Dichromatic Number and Cycle Inversions
Pierre Charbit, Stéphan Thomassé
TL;DR
Addresses the problem of determining the dichromatic number $\\overrightarrow{\\chi}(D)$ of a digraph and relates it to vertex orderings and cycle structure. The approach establishes a three-way (incidence-matrix, arc-weighting, Farkas lemma) equivalence that yields a constructive criterion: $D$ admits a $k$-acyclic colouring iff every directed circuit $C$ has at least $|C|/k$ forward arcs with respect to some ordering $\\sigma$. The key contribution is a succinct, verifiable proof and a concrete method to partition $V(D)$ into $k$ acyclic colour classes via subgraphs $D_t$ created from a vector $z$ satisfying $^t z M\\le p$, with $p(a)=\\mathrm{forw}_{\\sigma}(a)-1/k$. A corollary shows one can reverse circuit orientations to force $\\overrightarrow{\\chi}(D')\\le 2$; this cycle-inversion approach extends to certain infinite digraphs (Ellis/Soukoup, 2020), highlighting the practical impact of the results.
Abstract
The results of this note were stated in the first author PhD manuscript in 2006 but never published.
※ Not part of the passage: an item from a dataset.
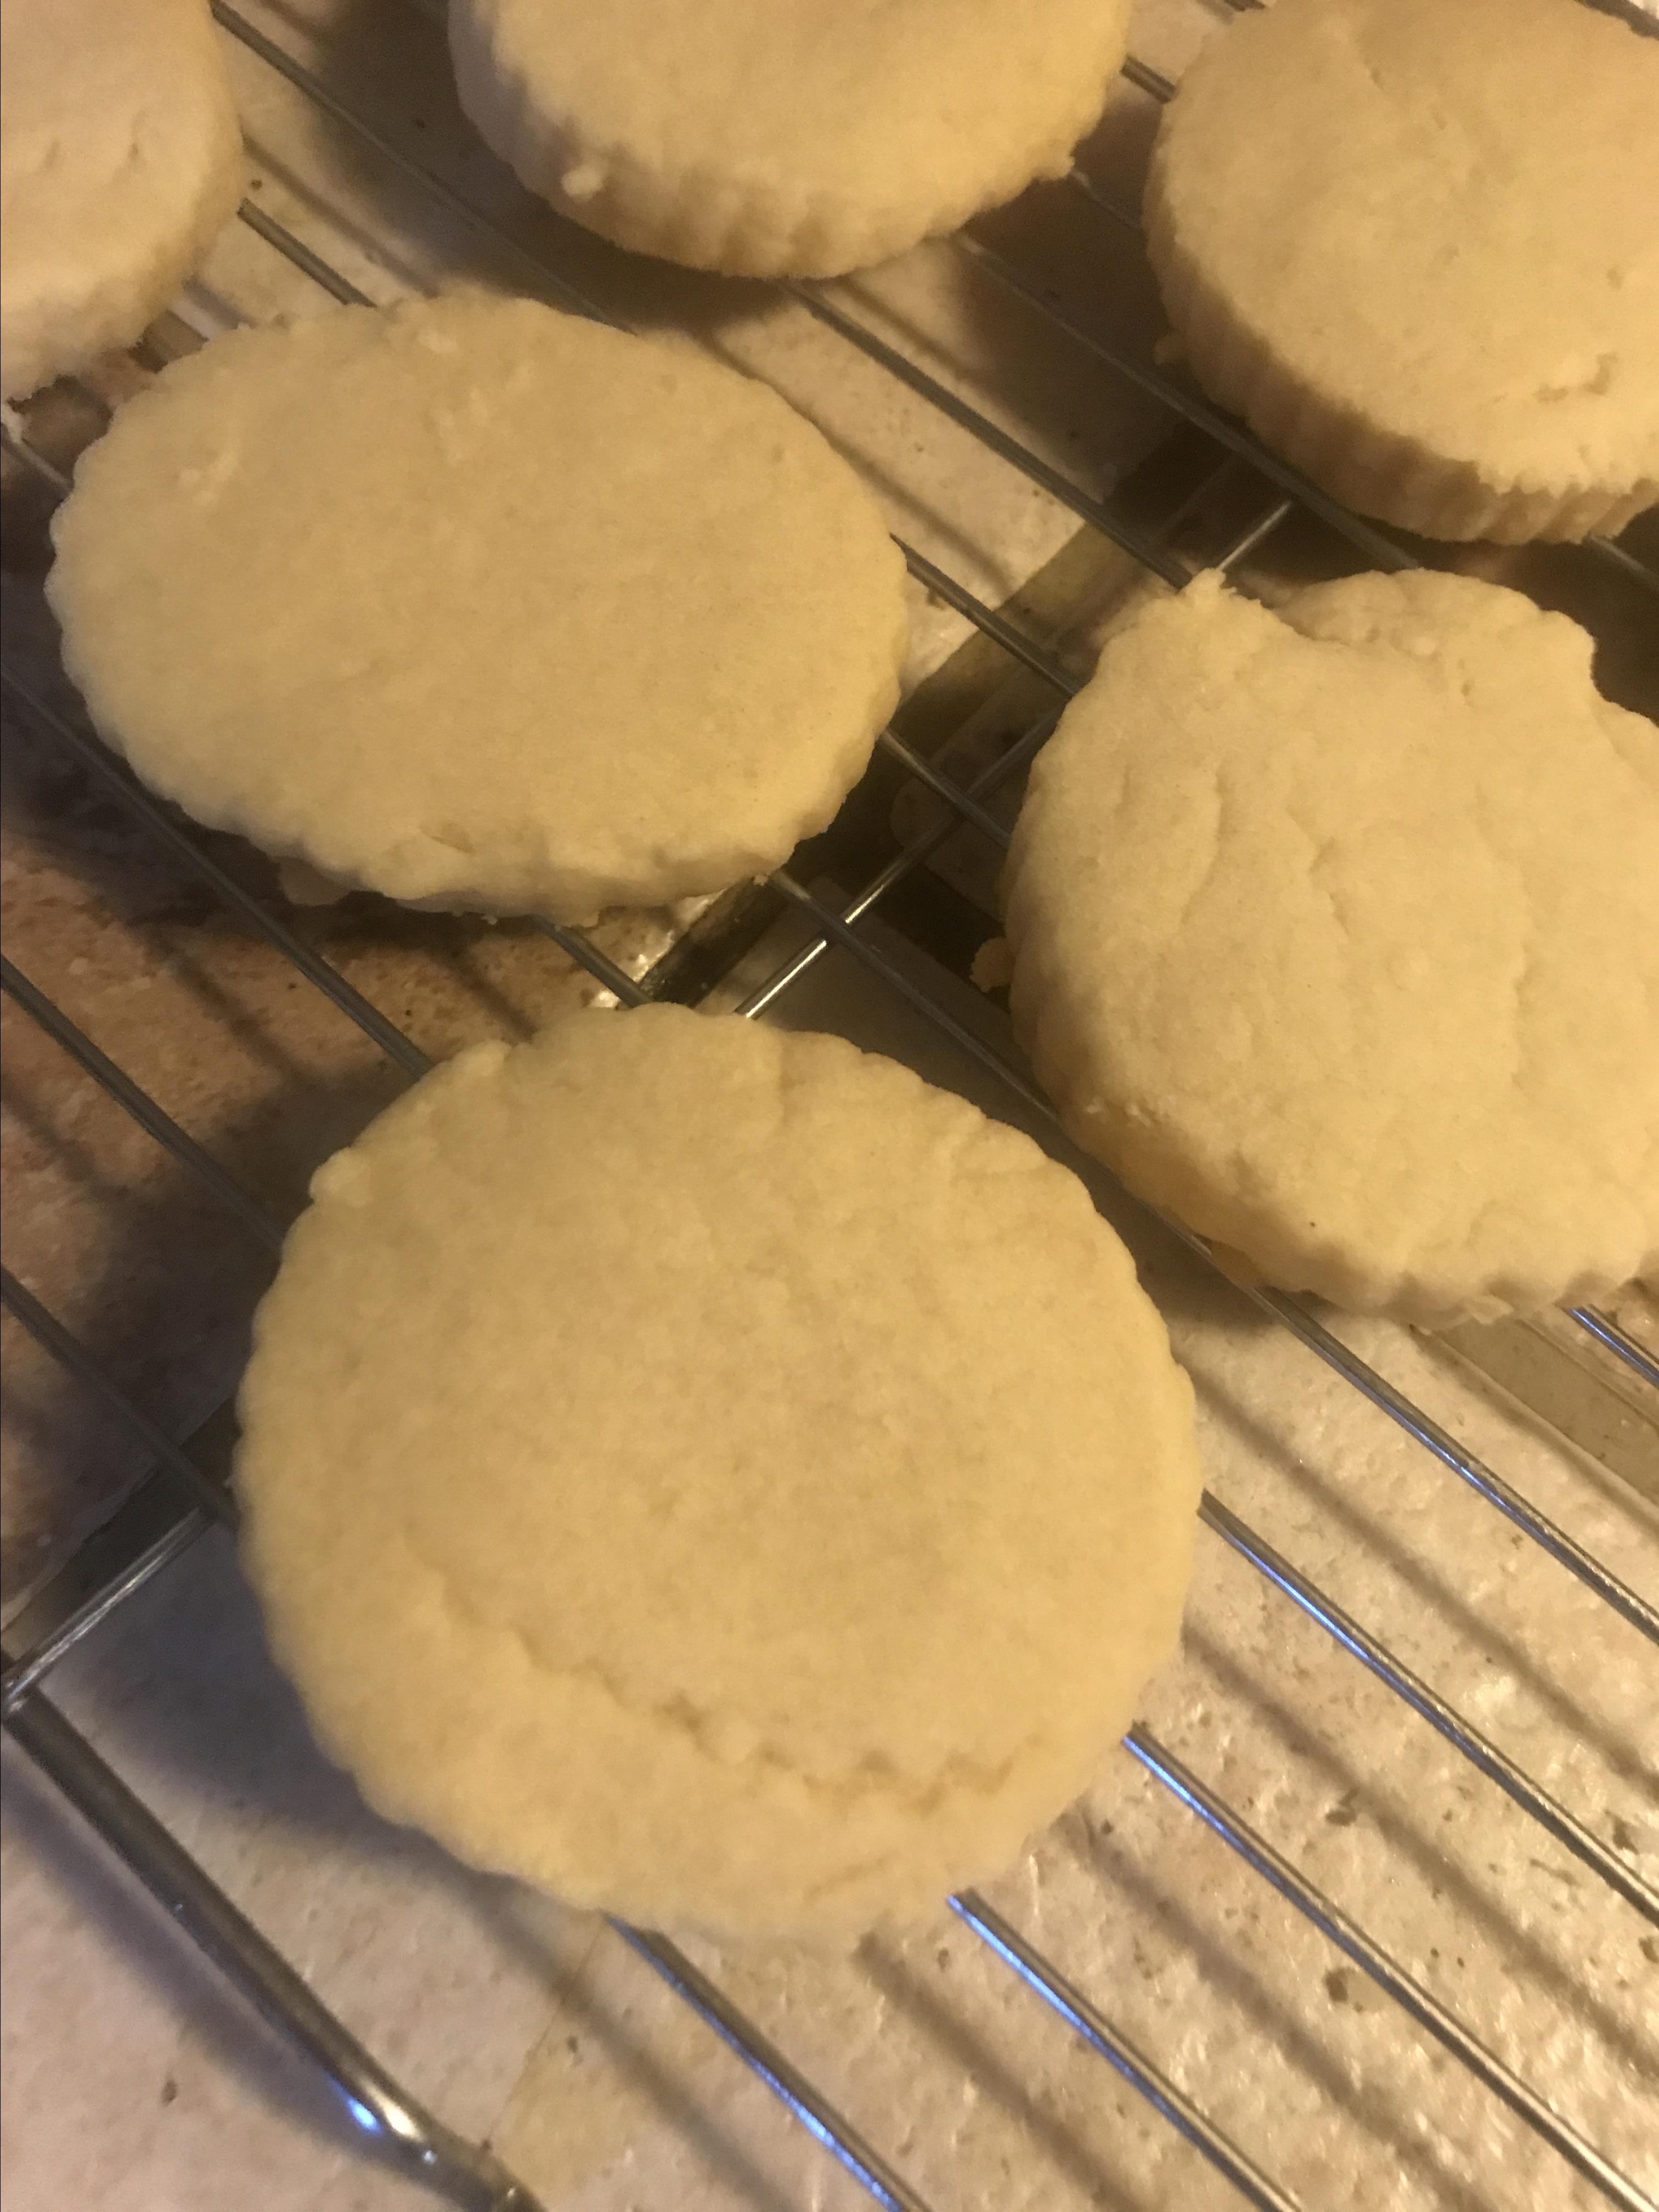 Shortbread Cookies

The writing of a proof given there was slightly careless and the proof itself scattered across the document, the goal of this note is to give a short and clear proof using Farkas Lemma. The first result is a characterization of the acyclic chromatic number of a digraph in terms of cyclic ordering. Using this theorem we prove that for any digraph, one can sequentially reverse the orientations of the arcs of a family of directed cycles so that the resulting digraph has acyclic chromatic number at most 2.